> DATASET RECORDS:
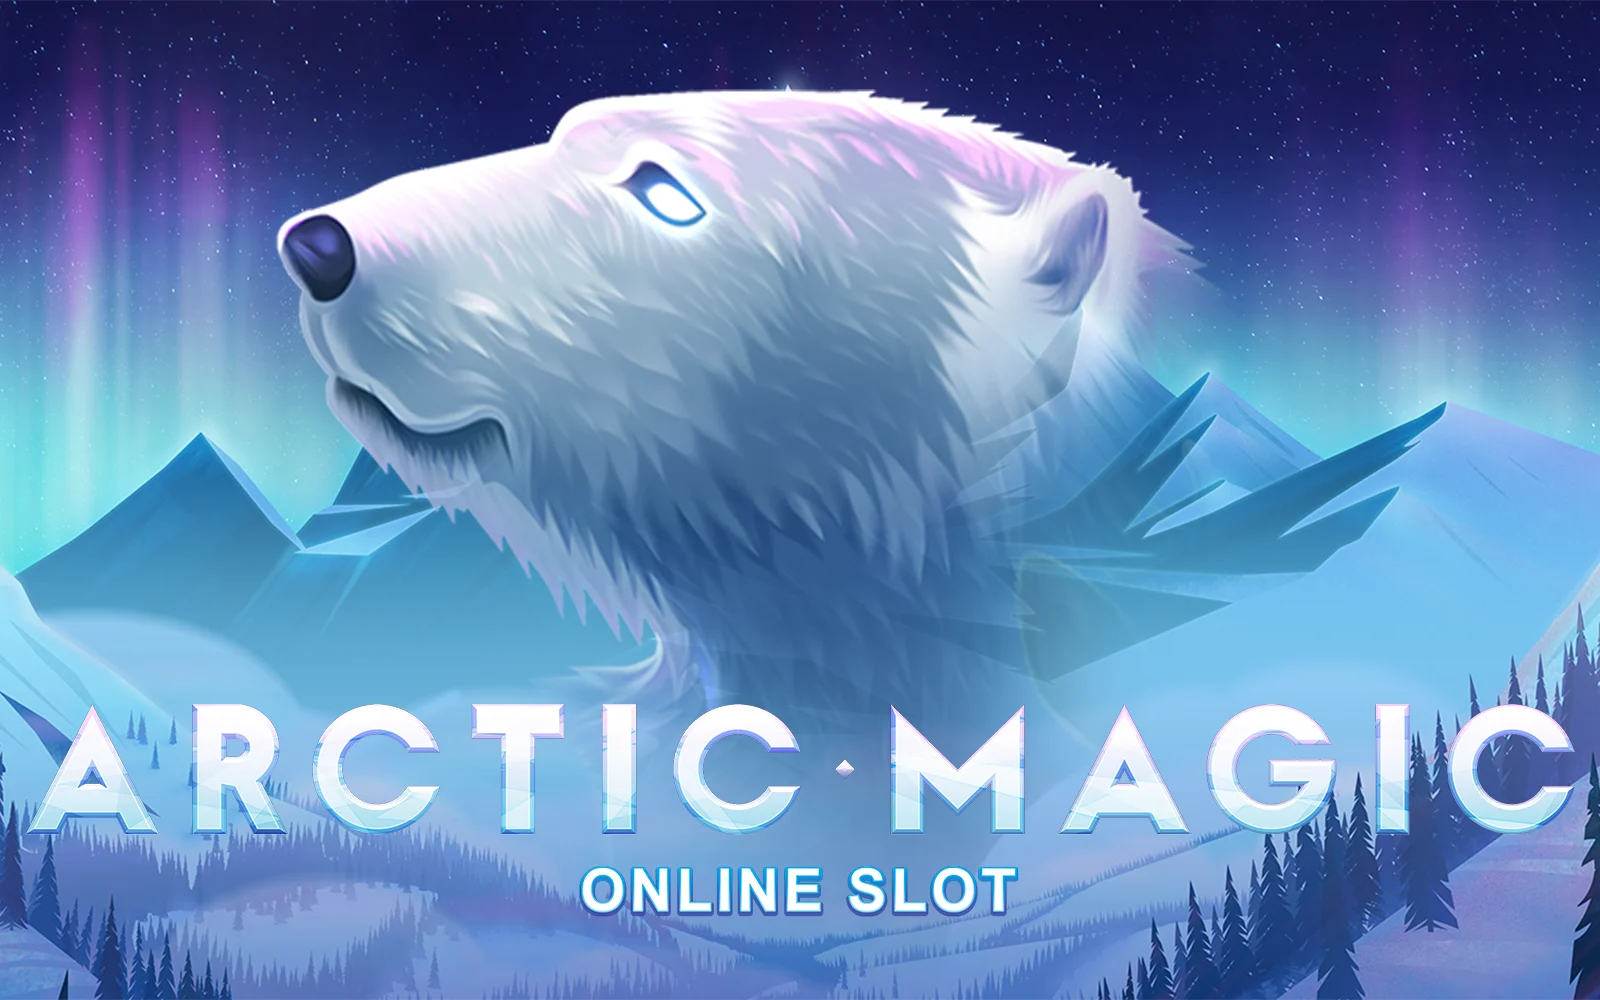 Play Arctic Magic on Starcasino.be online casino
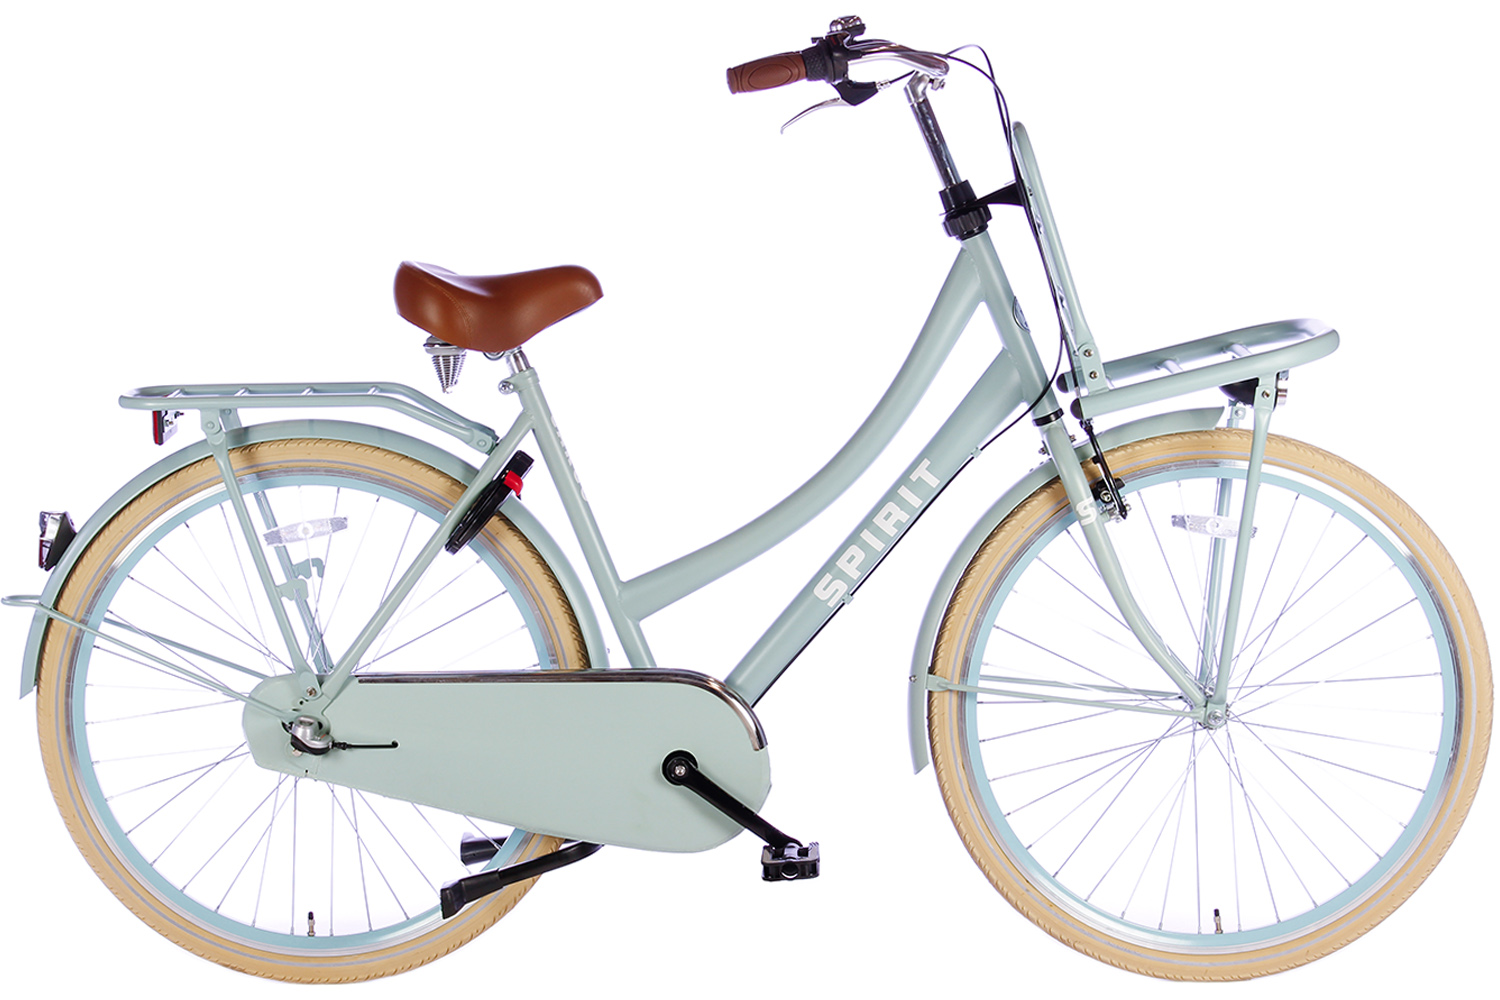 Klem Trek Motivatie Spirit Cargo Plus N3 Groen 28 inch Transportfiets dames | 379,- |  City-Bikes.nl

...

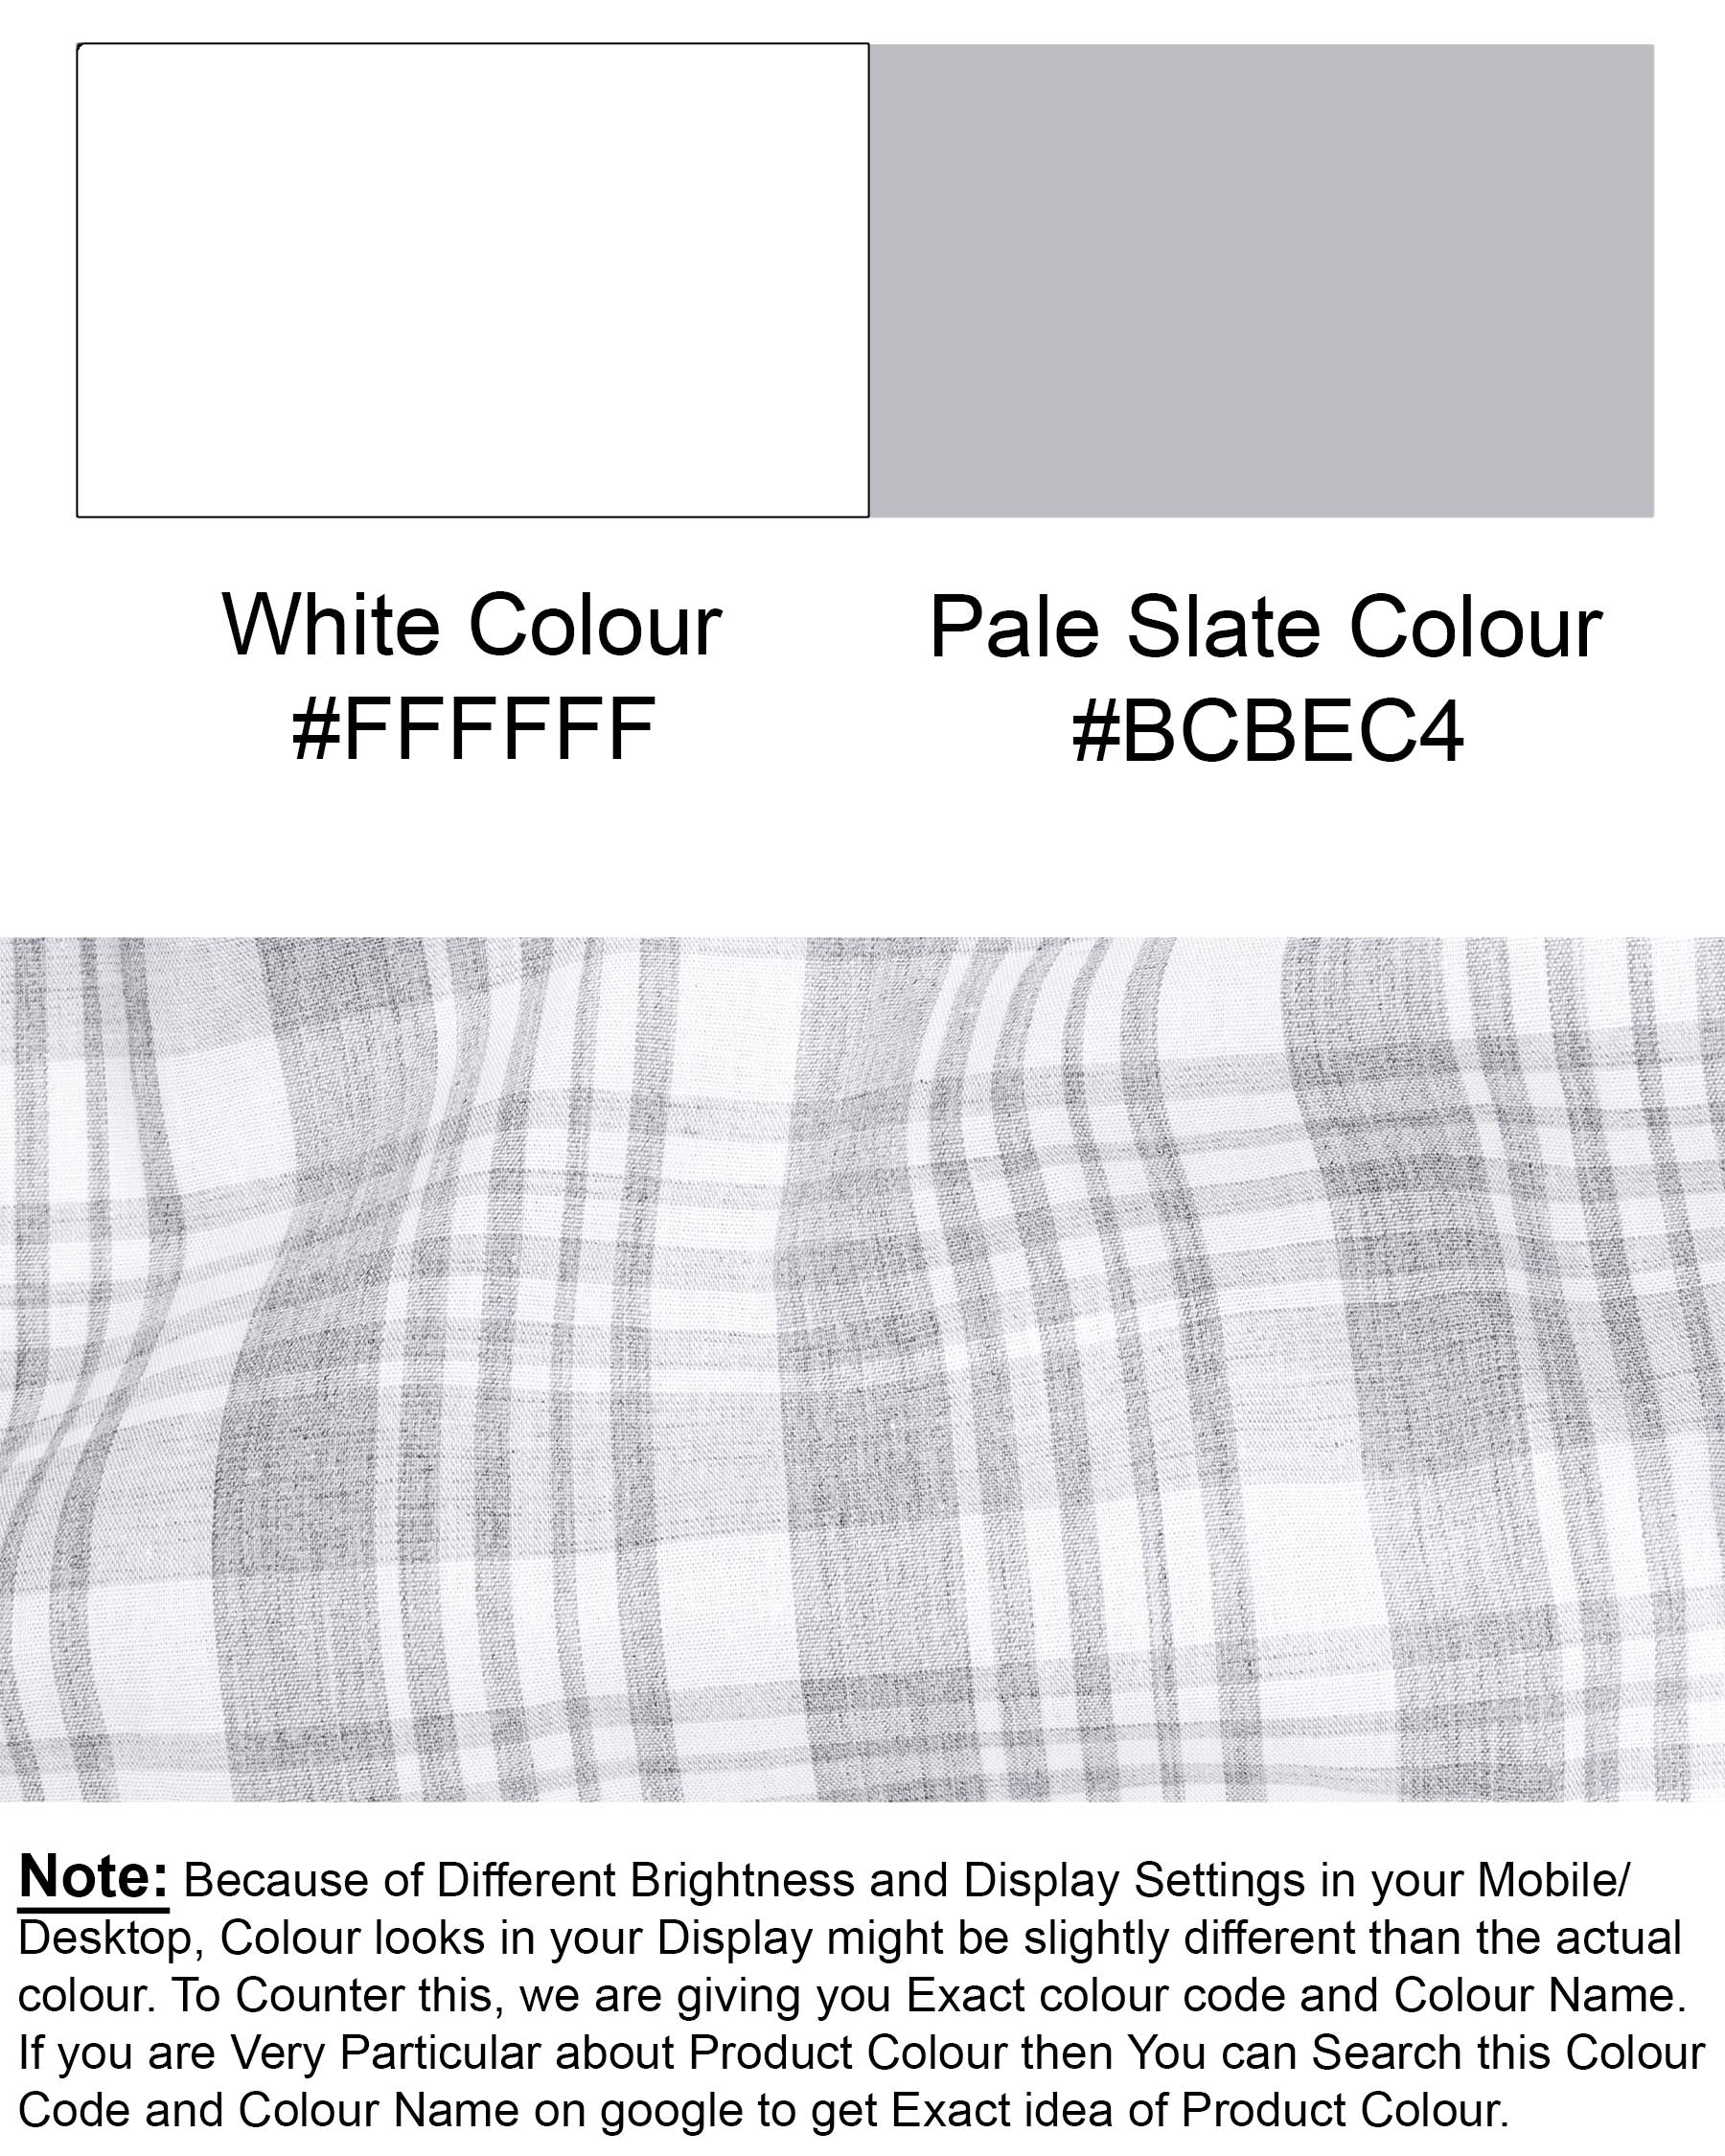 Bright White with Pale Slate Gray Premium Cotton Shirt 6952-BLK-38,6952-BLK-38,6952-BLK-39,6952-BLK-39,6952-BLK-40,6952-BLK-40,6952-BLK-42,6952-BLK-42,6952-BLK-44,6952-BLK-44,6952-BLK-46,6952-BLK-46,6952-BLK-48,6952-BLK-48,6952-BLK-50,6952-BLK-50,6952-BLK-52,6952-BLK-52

> TASK PROMPT: Reproduce the listing above from the line that holds "Play Arctic Magic" through the line that holds "Klem Trek Motivatie", both included, with the pictures left out.

> TASK OUTPUT:
 Play Arctic Magic on Starcasino.be online casino
 Klem Trek Motivatie Spirit Cargo Plus N3 Groen 28 inch Transportfiets dames | 379,- |  City-Bikes.nl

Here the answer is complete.